Orbón's intent was to take stanzas from five of Martí's short poems and conflate them into a single lyric. This arrangement was picked up by composer Hector Angulo, who studied in New York in the late 1950s and ran across Pete Seeger, who recognized immediately both the beauty of the melody and the poems. Seeger learned it and it became a popular part of Pete's concert repertoire. The gentle and reflective approach to the song, respecting as it does the sense of Martí's stanzas, received its widest exposure at first through Seeger's popular and widely-selling 1963 Carnegie Hall Concert LP:
It was this version that inspired The Sandpipers, a west coast vocal group being groomed by no one less than Herb Alpert, to record and release the number in 1966:
The Sandpipers' version won a gold record, was nominated for a Grammy, and went as high as #7 on the U.S. singles charts.

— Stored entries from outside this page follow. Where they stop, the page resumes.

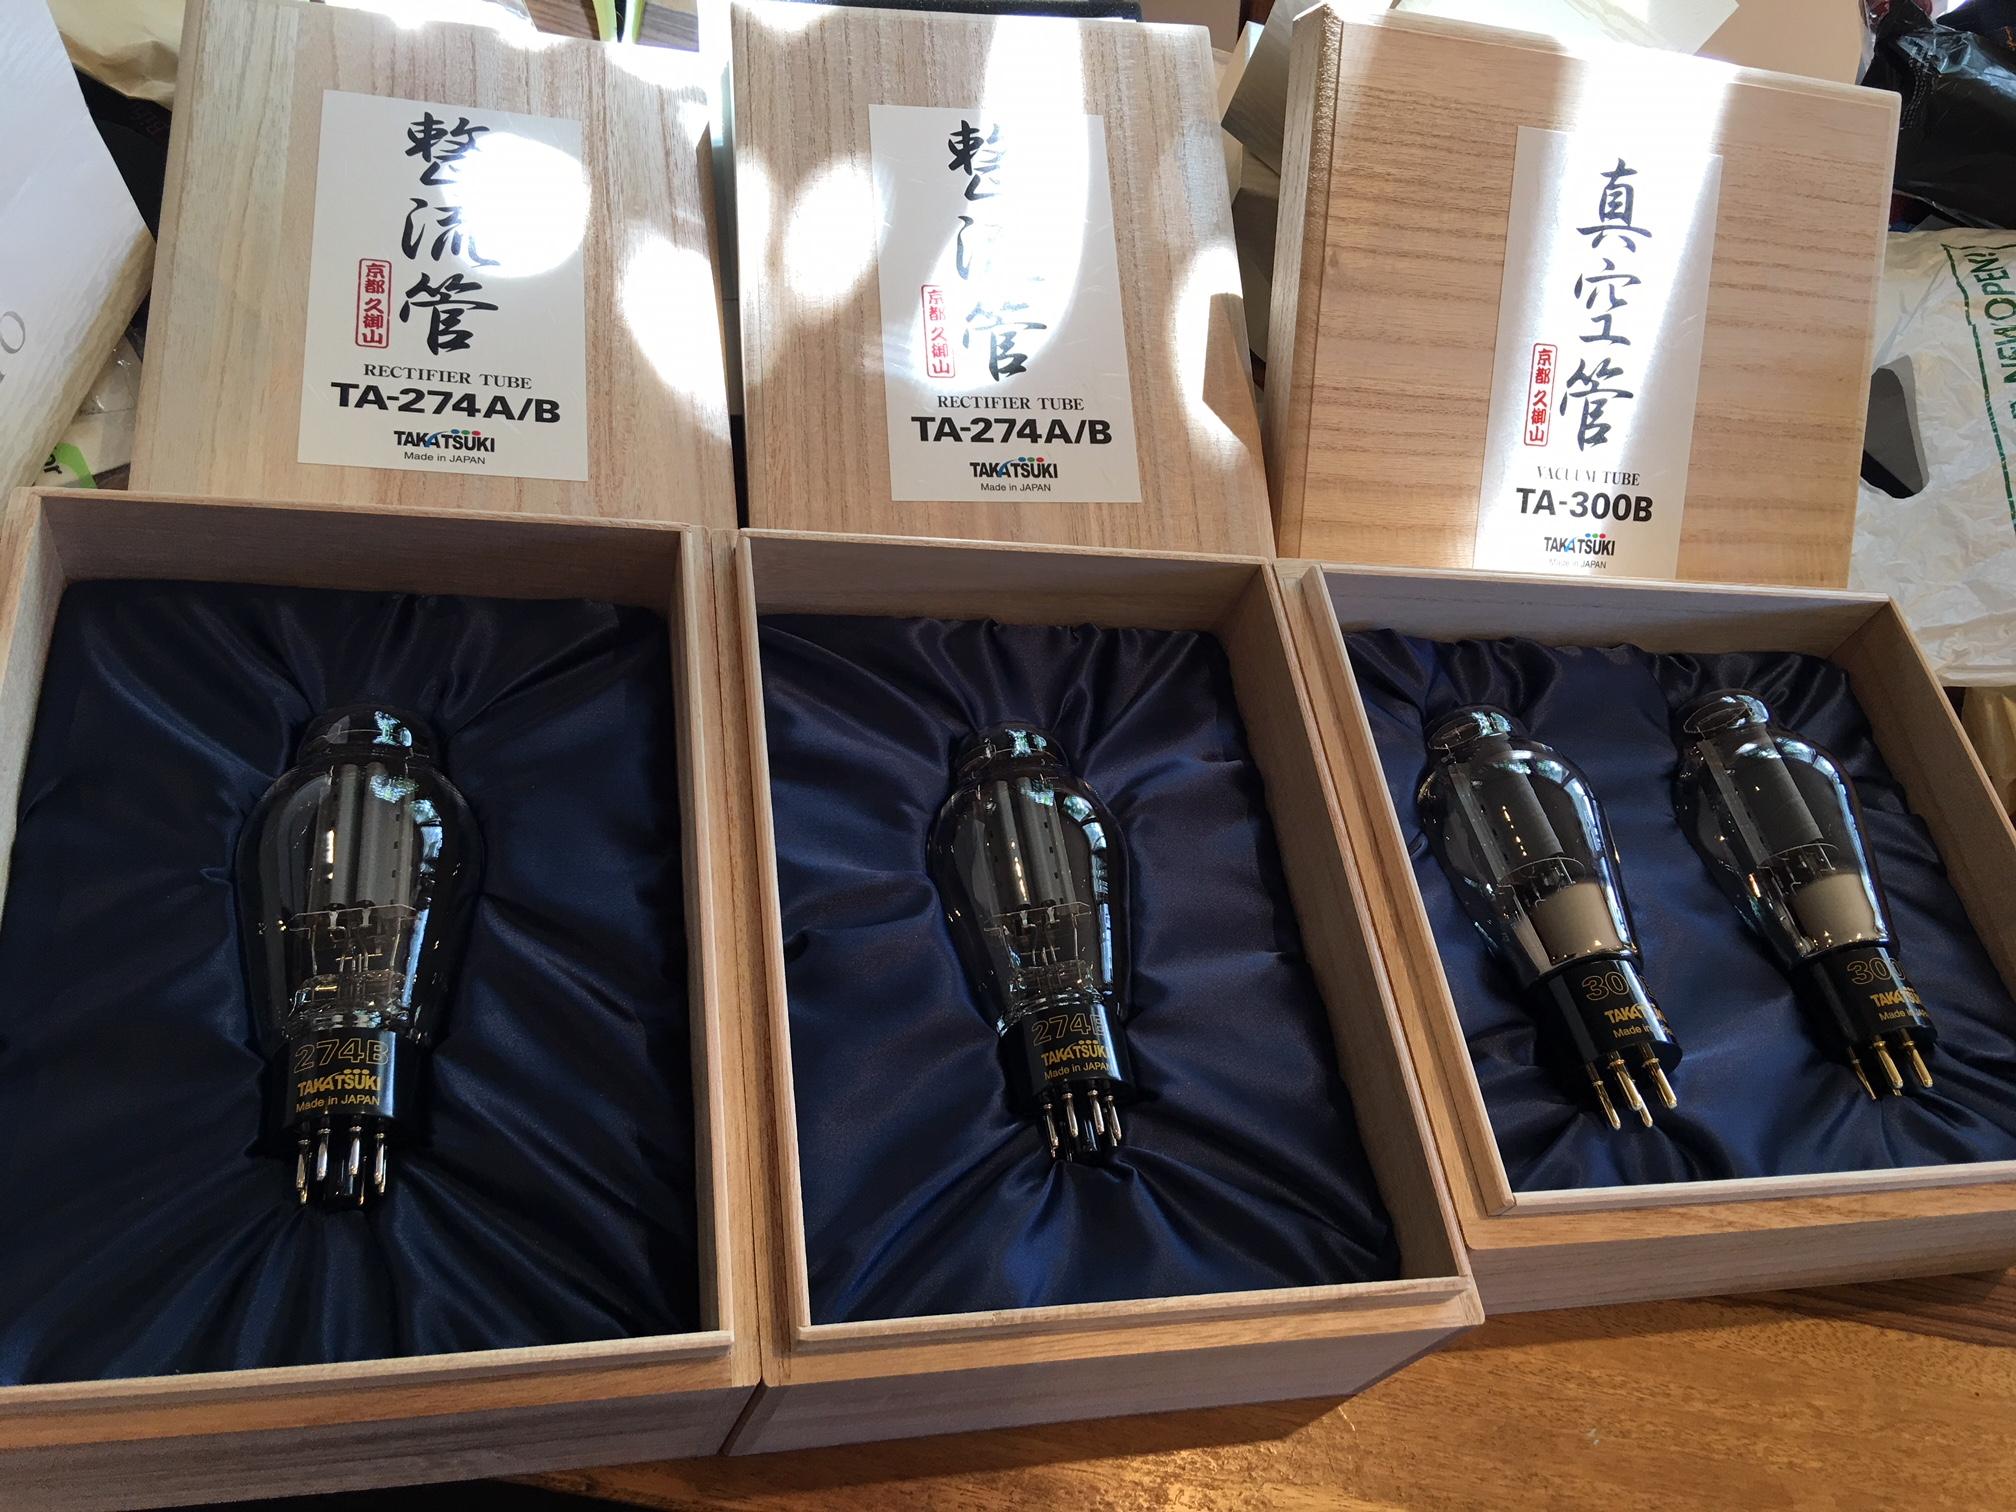 Takatsuki valves 300B & 274
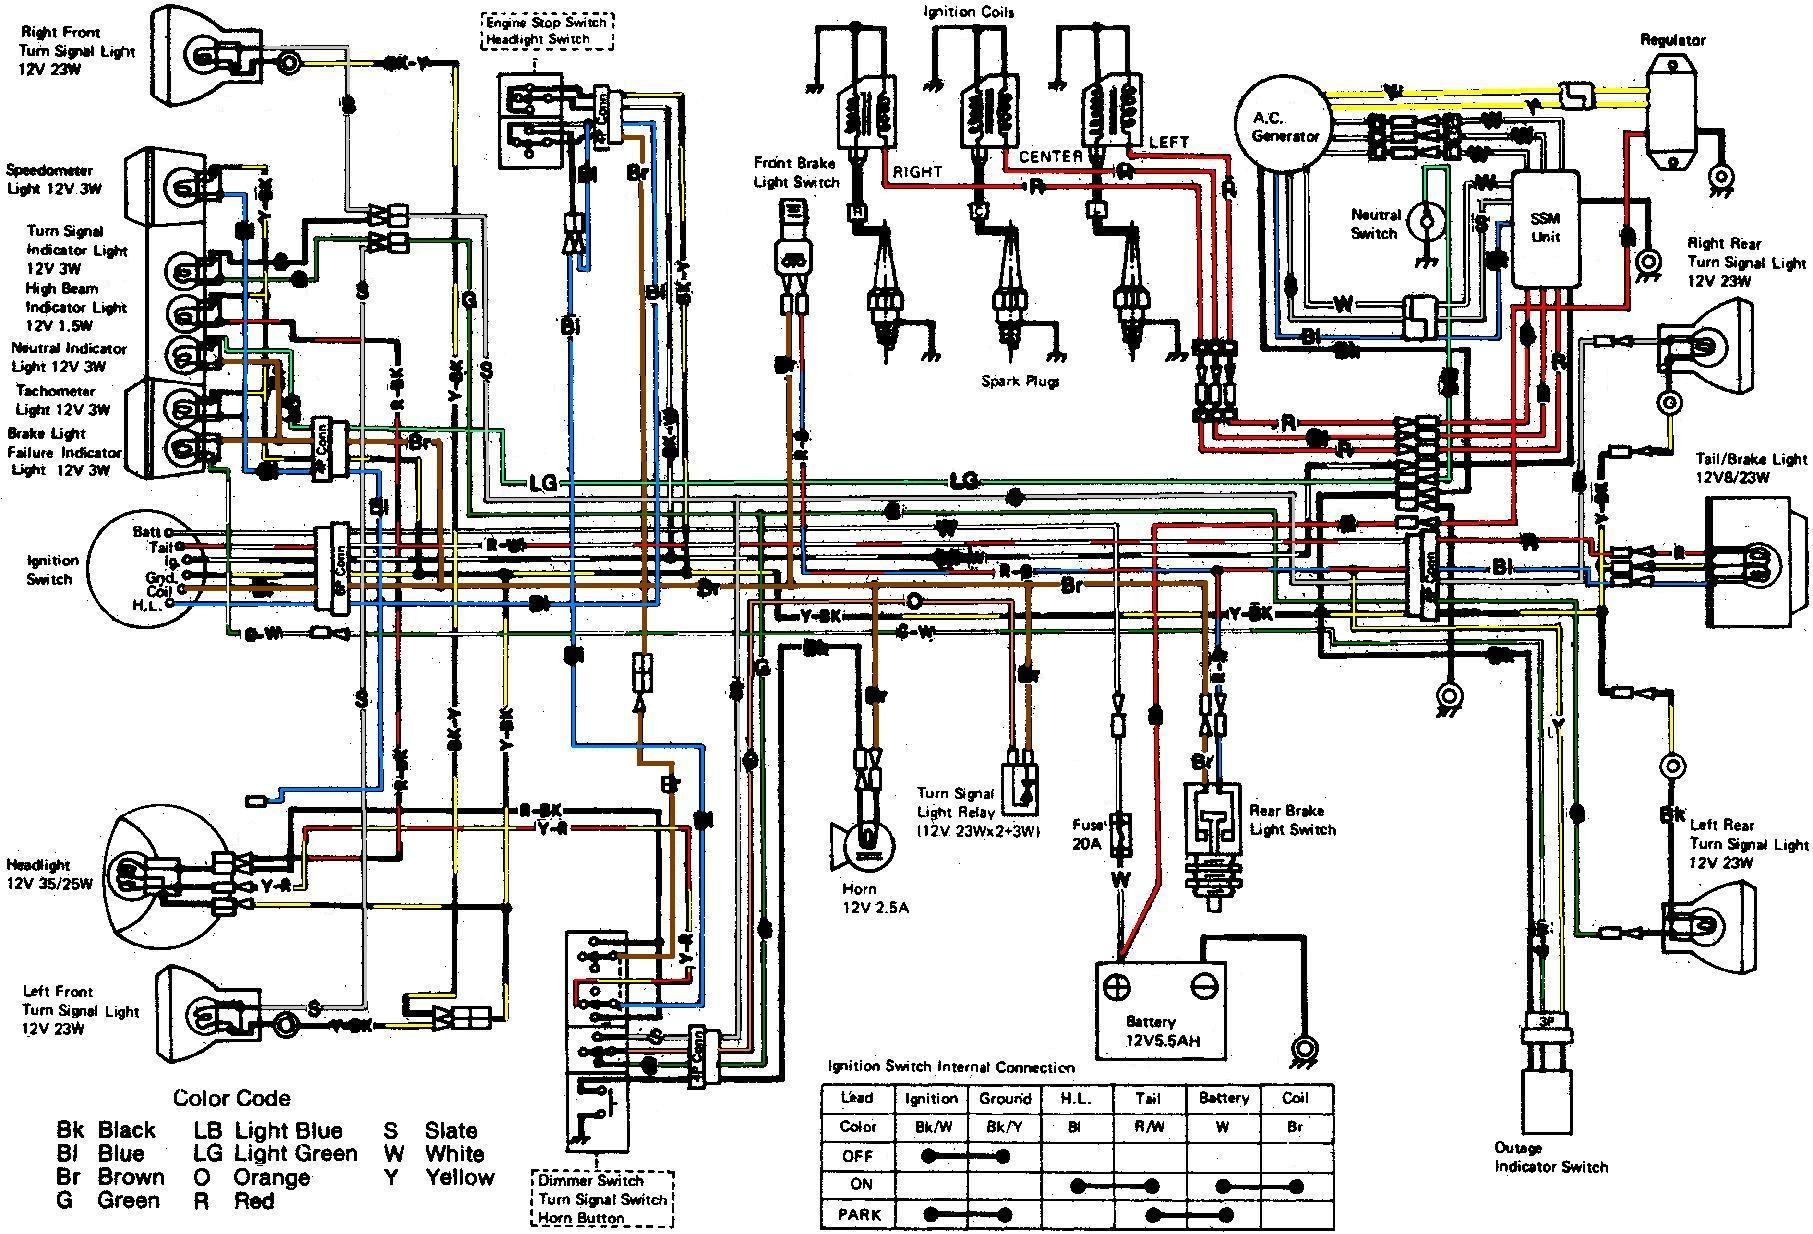 kawasaki bayou 220 wiring schematic Download-Wiring Diagram Kawasaki Bayou 220 2019 Wiring Diagram for Kawasaki Bayou 220 New Wiring Diagram 10 9-e
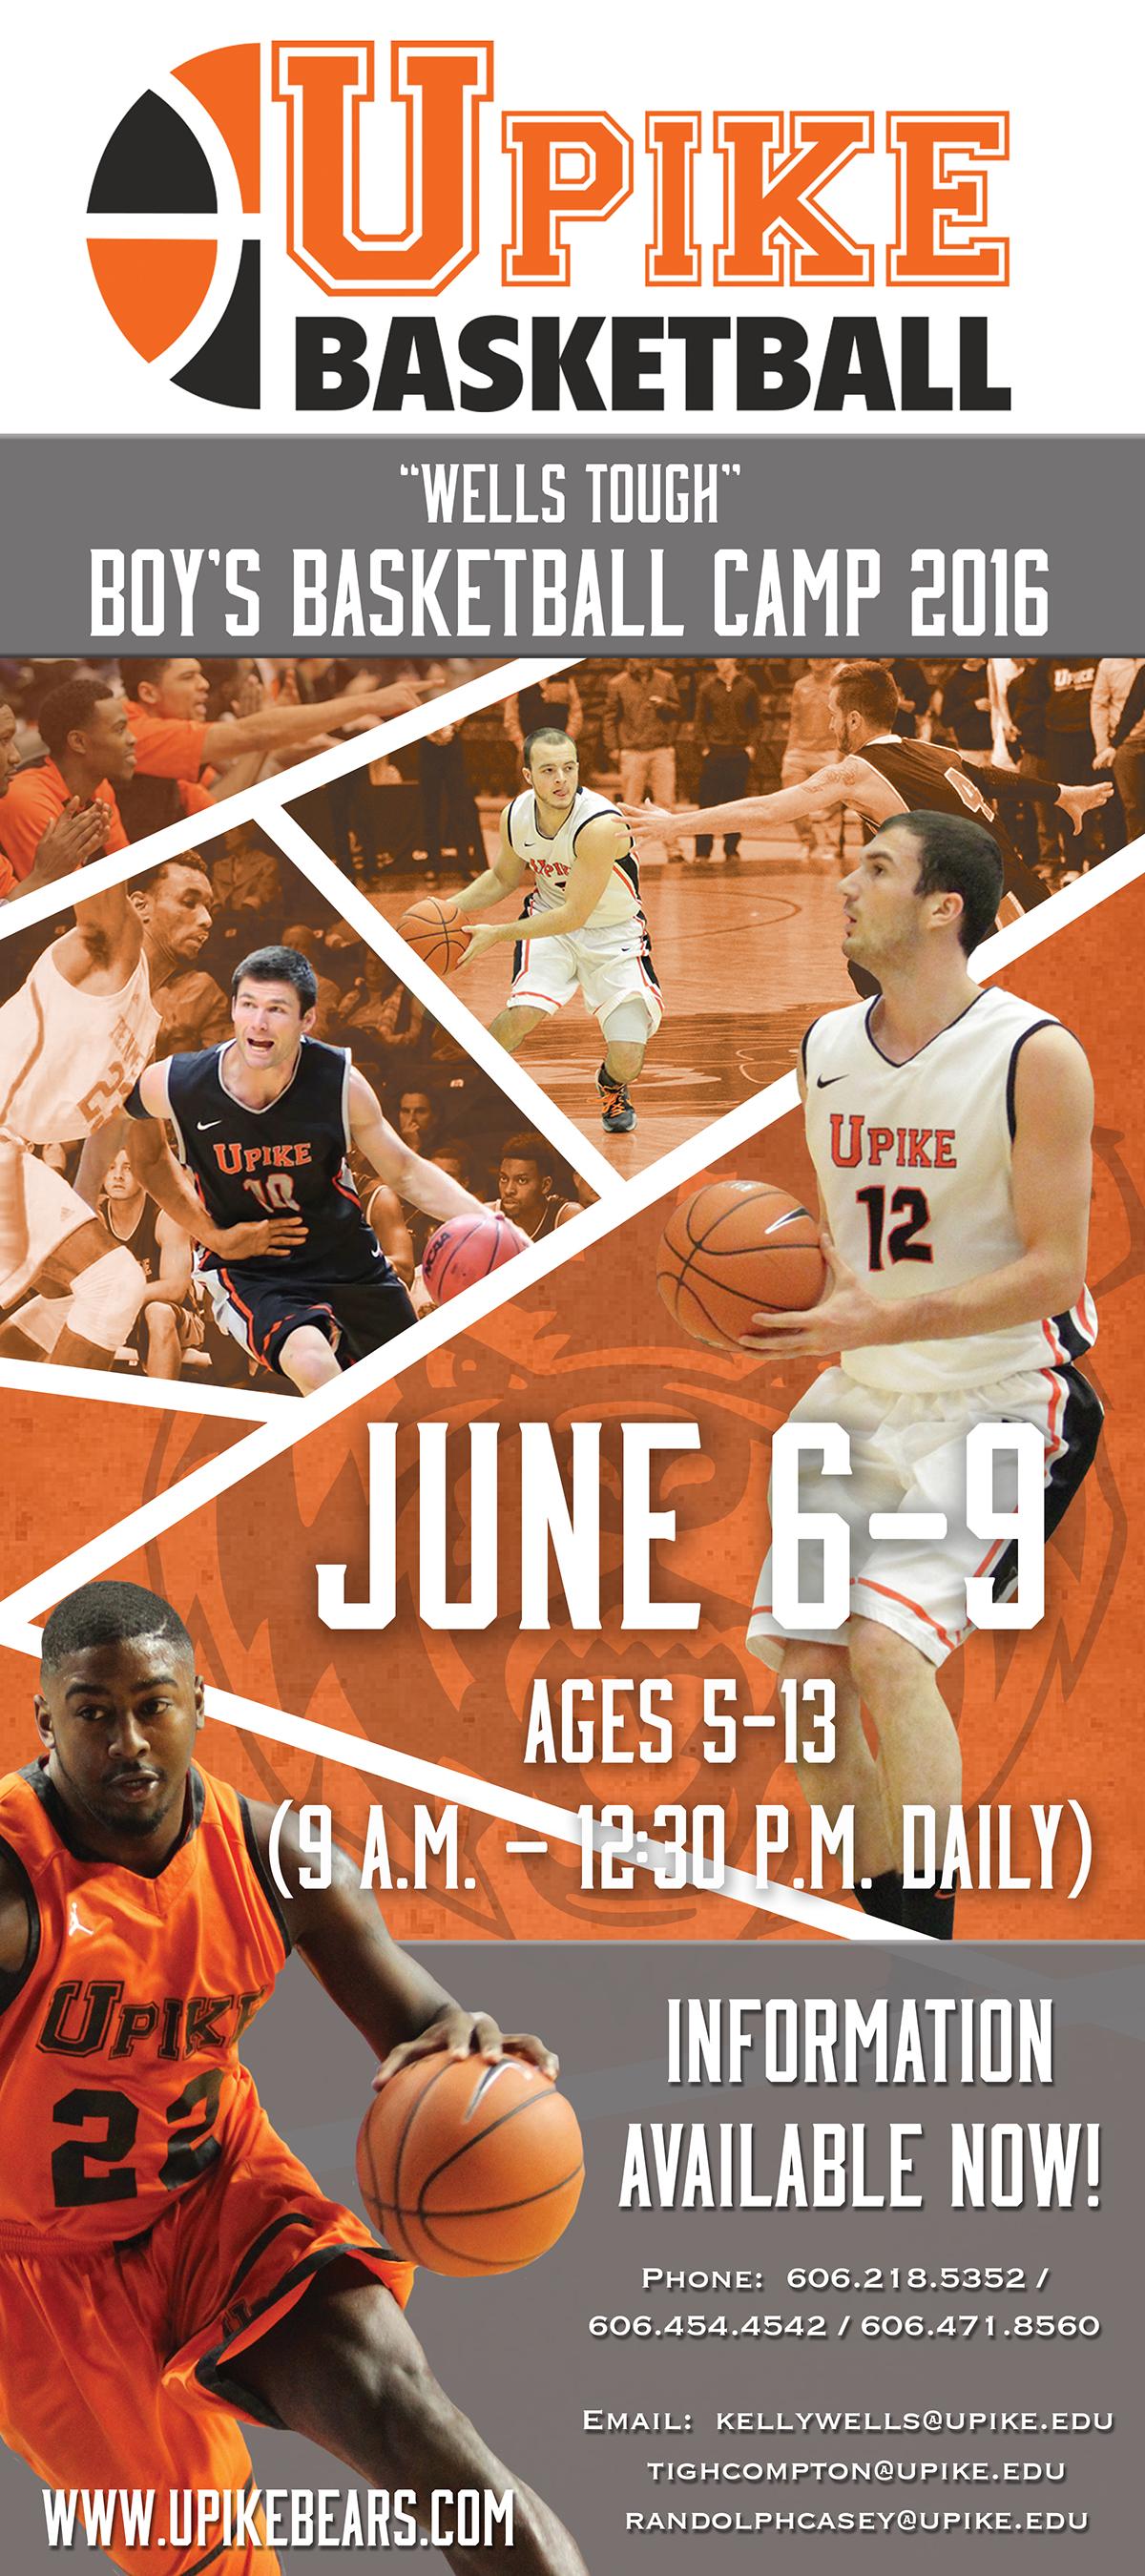 UPIKE Men's Basketball Summer Camp Promo on Behance

"Guantanamera" has continued since then to be a very popular staple of the world music song bag, with literally hundreds of cover versions currently available. Two of the best, I think, reflect the built-in flexibility of the number to differing interpretations - first, a distinctively Puerto Rican take by José Feliciano:
and a delightful mariachi version by Mariachi Imperiale de México:
I love the full-on treatment here - guitars, violins, coronets, guitarrón, percussion, the works.
But as T.S. Eliot wrote - in my end is my beginning, and I want to conclude with another version from Pete Seeger, with whom this post started long ago. This is a performance of "Guantanamera" by Seeger with his grandson Tao Rodriquez from 1993 at Wolf Trap in Virginia. The keyboardist is Arlo Guthrie, Woody's son and Seeger's frequent performing partner, and the back-up singers include Woody's daughter Cathy amd granddaughters Annie and Sara Lee:
Pete Seeger was 74 when this was recorded, at an age when lots of folks pack it in and move to the Sun Belt. Not Seeger. Can we watch him in this video and listen to him and not hear and sense the love of life and music and people that animated his public work for more than 70 years? Can we not see him for what he was, a national American treasure and a gifted artist well worthy of the hundreds of awards he earned? And were we not singularly blessed as a nation to have had him with us for another twenty years following?